The U.S. Delegation in Rome is seeking agreement on various mechanisms that would limit U.S. exposure to the second track of the Court's jurisdiction. As described above, these include variations on the case-by-case State-consent regime, the double-lock system of judicial review of complementarity, limiting the authority of the ICC Prosecutor to launch investigations on its own, and providing a role for the Security Council in the exercise of the Court's jurisdiction under the second track. While many countries see this as an imperialistic impulse on the part of the United States to shield itself and its allies from the rule of law, there is a case to be made for the United States' approach. As the world's strongest military and economic power, the United States is expected to respond to acts of aggression and humanitarian crisis around the world. The United States' unique position renders it uniquely vulnerable to the potential jurisdiction of an ICC.

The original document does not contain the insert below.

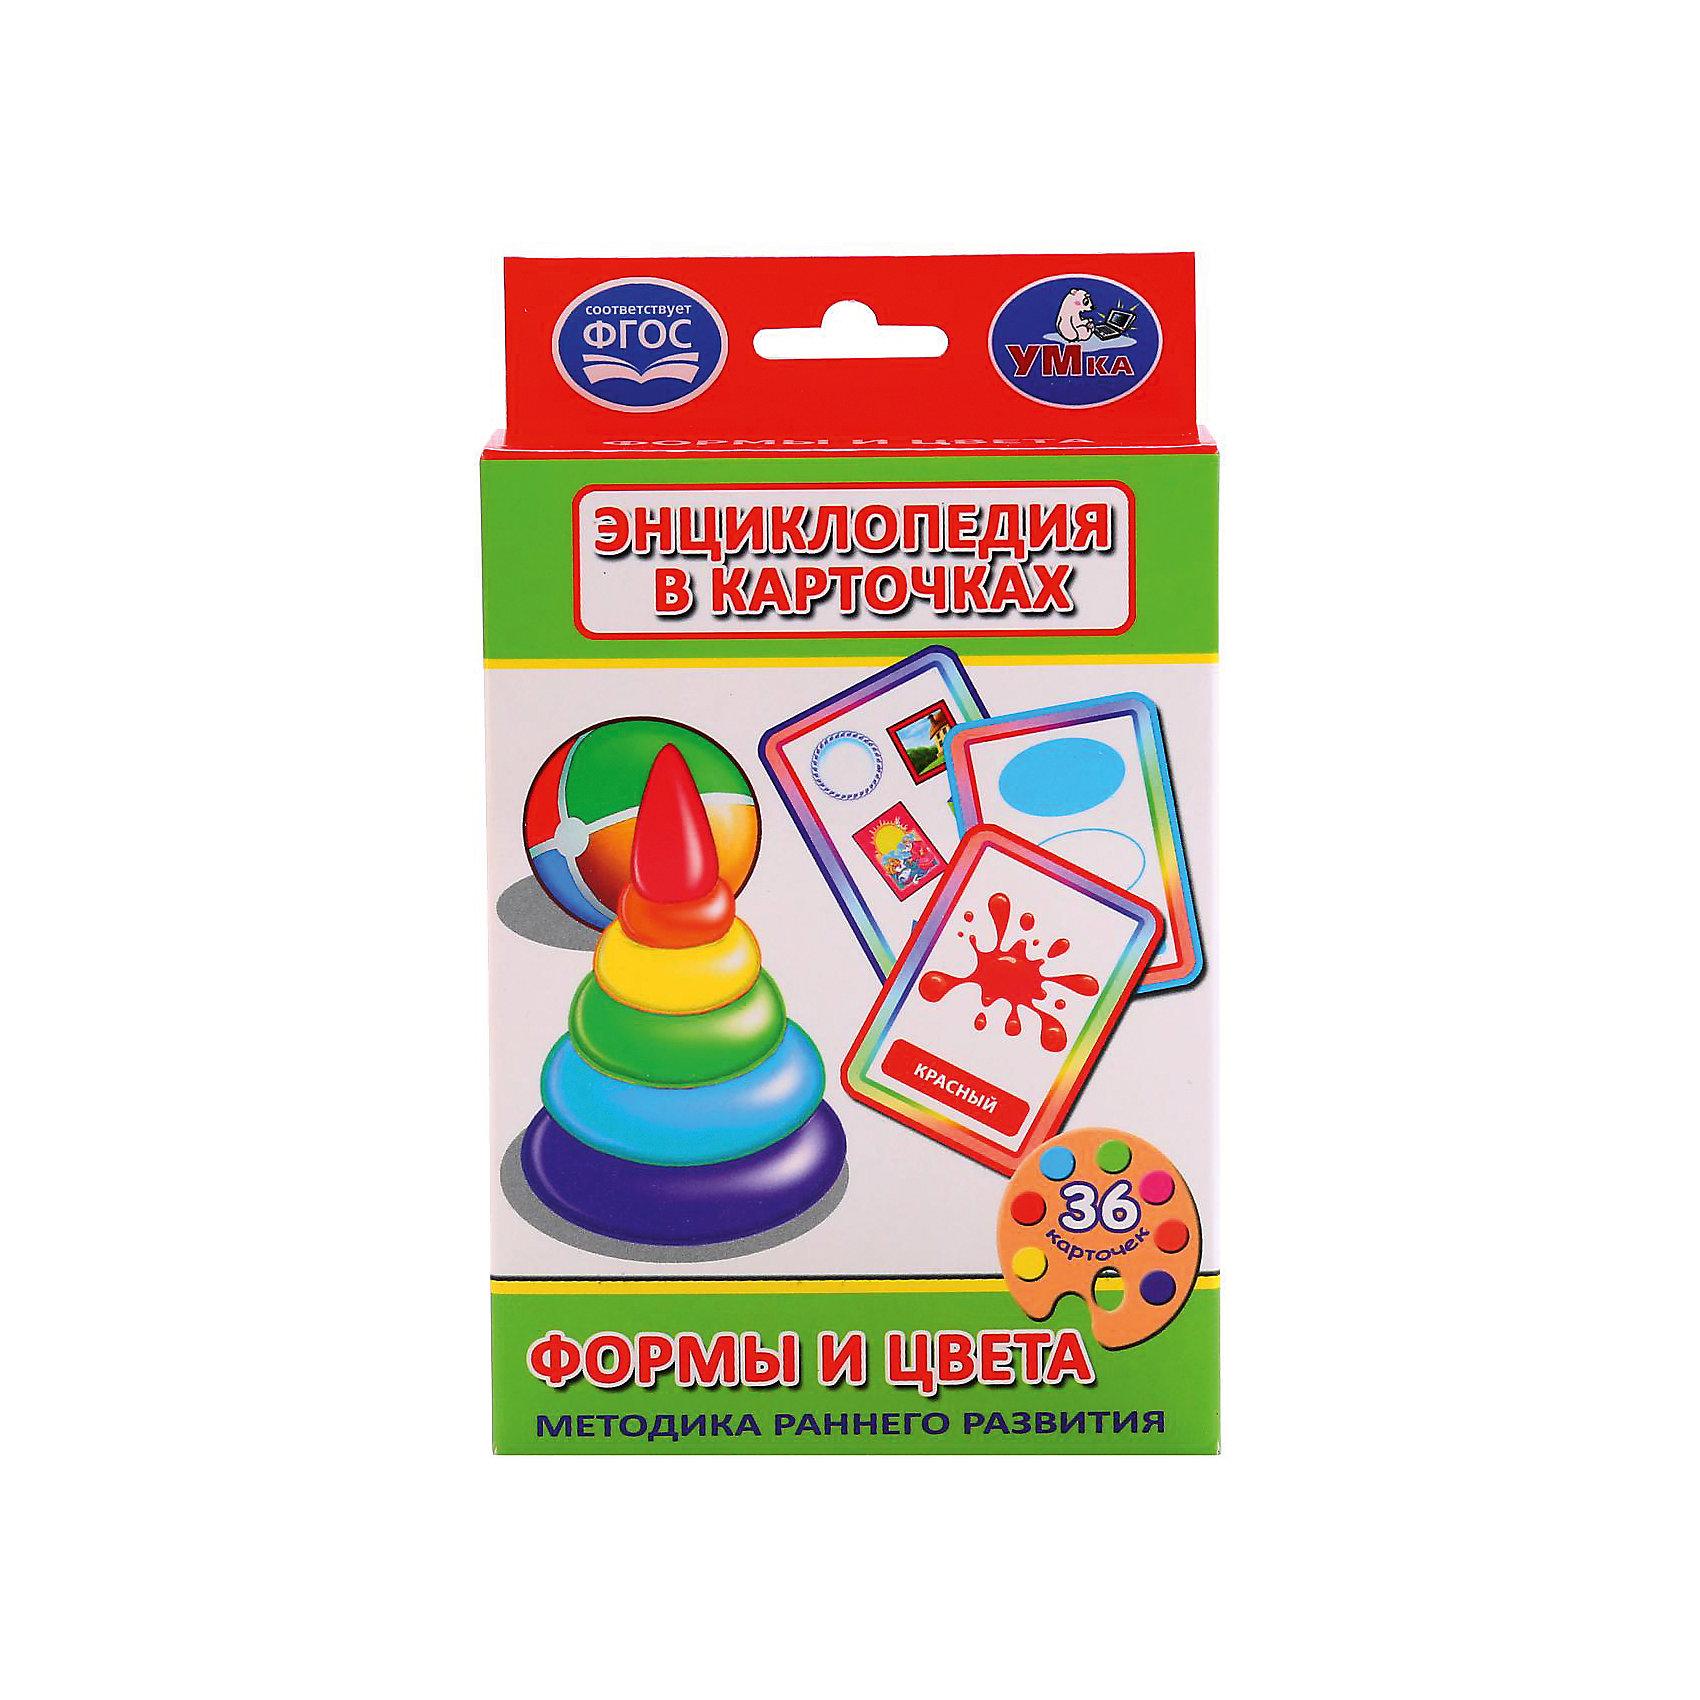 Карточки развивающие Формы и цвета (36 карточек)Обучающие карточки<br>Набор развивающих карточек поможет ребенку в игровой форме (10 игр) выучить цвета и формы предметов.<br><br>Ширина мм: 160<br>Глубина мм: 20<br>Высота мм: 100<br>Вес г: 110<br>Возраст от месяцев: 36<br>Возраст до месяцев: 60<br>Пол: Унисекс<br>Возраст: Детский<br>SKU: 7032127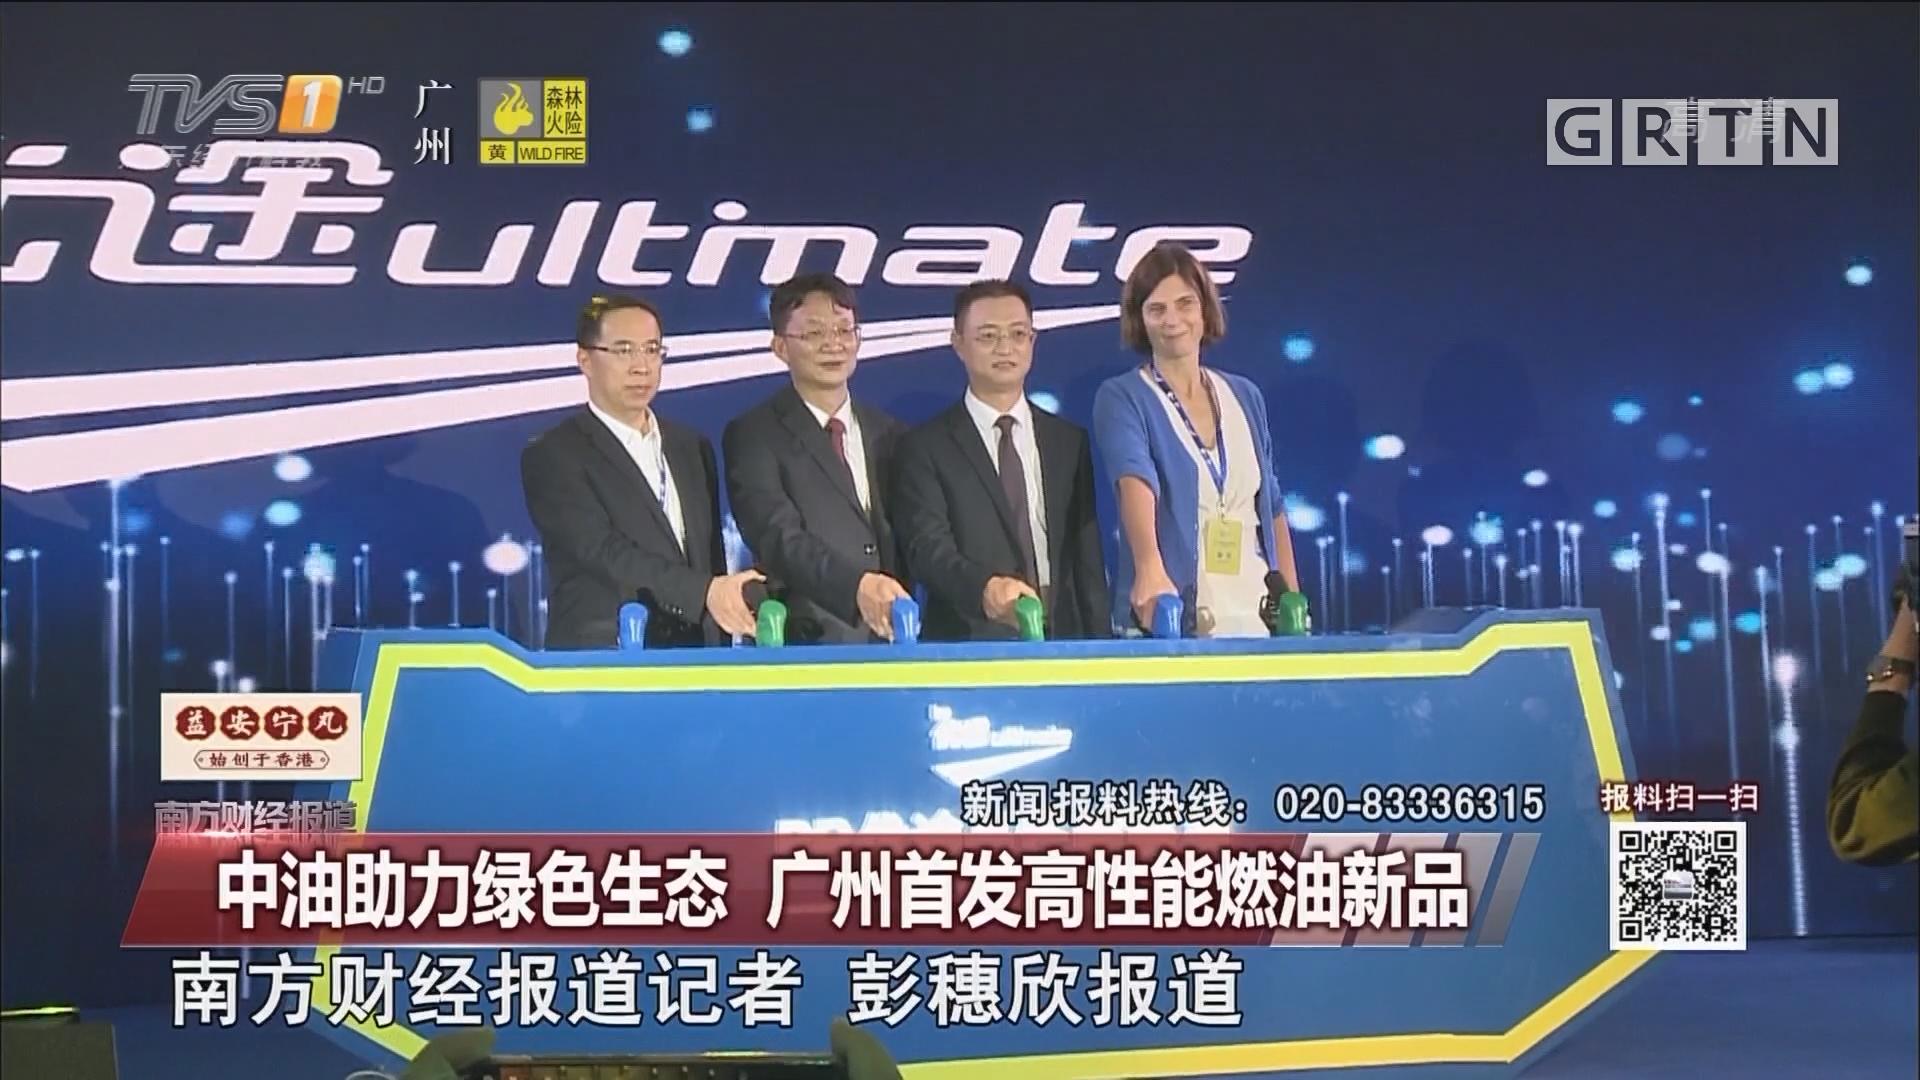 中油助力绿色生态 广州首发高性能燃油新品

However, with the U.K. and France recently changing camps, the United States has few remaining allies in Rome to support its position on this all-important issue. Recent history suggests two scenarios for the likely outcome should the U.S. delegation prove unable to achieve its goal:
As with the Ottawa Convention to Ban Landmines, if the United States does not obtain its objective at the Diplomatic Conference, it may refuse to sign the treaty creating the ICC. Indications are that the vast majority of countries will sign and eventually ratify the ICC treaty even without the United States' participation. Under this scenario, the cost of retaining immunity from the vagaries of the second track of the ICC's jurisdiction is that the United States will be prevented from utilizing the Security Council-controlled first track in future cases like Bosnia and Rwanda.
A second outcome might follow the experience with the Kyoto Global Warming Treaty. Though it did not obtain all the concessions it desired, the United States reluctantly decided at the last minute to sign the Kyoto agreement, while stating its intention not to submit the Treaty for Senate ratification any time soon. Such a statement with respect to the ICC would not be unexpected given Jesse Helms' pledge to prevent the Senate from considering the ICC Treaty during his watch. As Chairman of the Senate Foreign Relations Committee, Helms is in a position to single-handedly bottle up the treaty. Under this scenario, the United States probably would be able to utilize the ICC's first track since it had shown support for the ICC by signing (though not ratifying) the Treaty. Until the United States ratifies the Treaty, however, it will not be obligated to cooperate with the ICC under the second track, but could do so at its discretion on the basis of comity.
Professor of Law and Director of the Center for International Law and Policy at the New England School of Law. From 1989-1993, Michael Scharf served as the U.S. State Department official with responsibility for the issue of a permanent international criminal court. He is the author of three books about the Yugoslavia and Rwanda Tribunals, including the Pulitzer Prize nominated Balkan Justice.